• [What is being asked]: Using the records below, write out again exactly the lines that begin at the line containing "Huggy Wuggy Plush" and end at the line containing "Rachel Spencer Wong", and no other lines.

• [Record excerpts]:
========================================

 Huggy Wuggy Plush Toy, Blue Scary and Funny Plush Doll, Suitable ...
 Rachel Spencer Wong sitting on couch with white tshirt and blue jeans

========================================

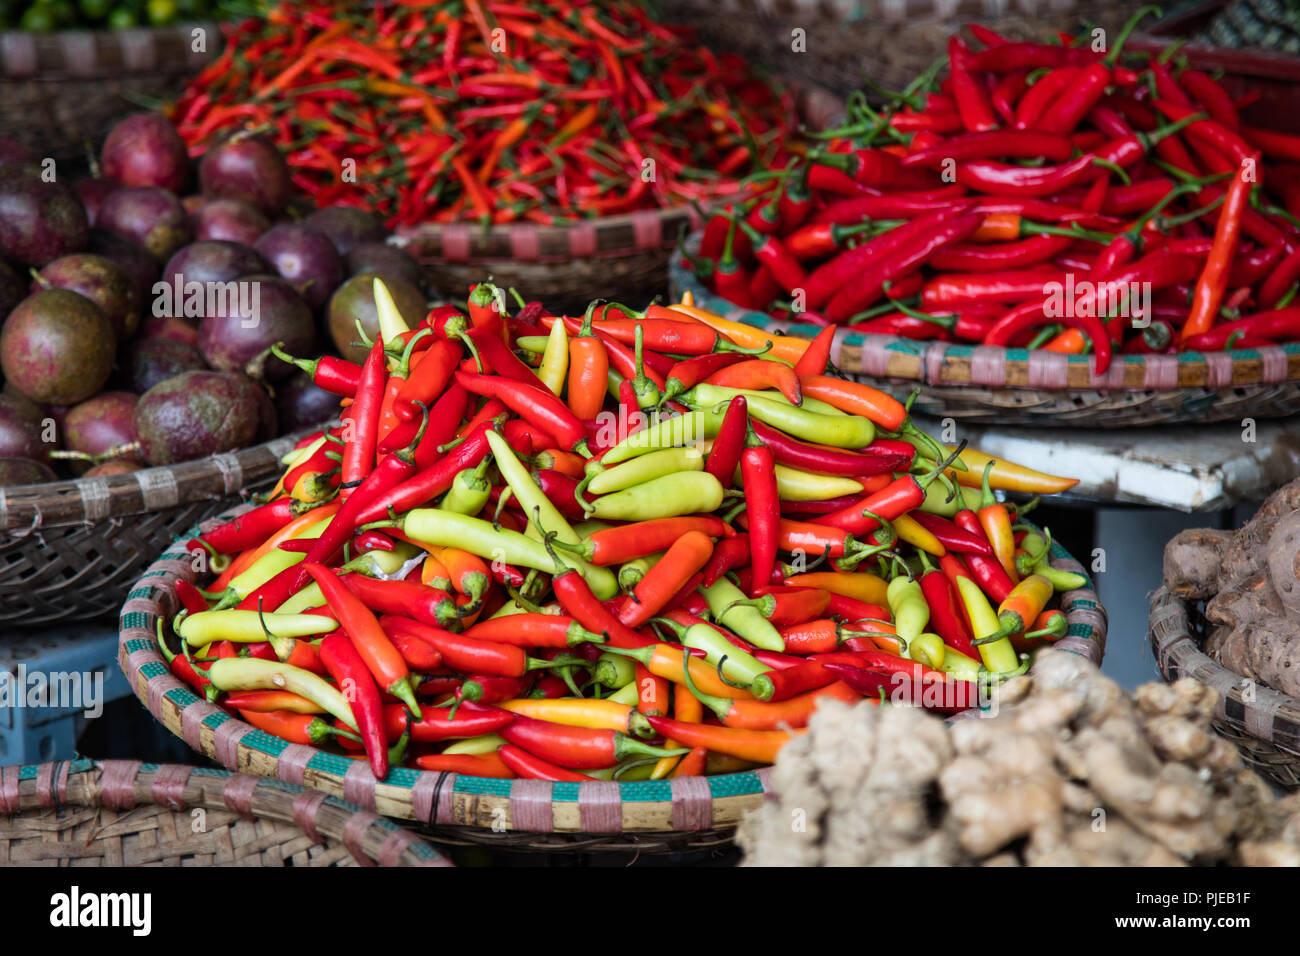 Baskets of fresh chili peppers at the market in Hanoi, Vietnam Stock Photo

========================================

• [Task result]:
 Huggy Wuggy Plush Toy, Blue Scary and Funny Plush Doll, Suitable ...
 Rachel Spencer Wong sitting on couch with white tshirt and blue jeans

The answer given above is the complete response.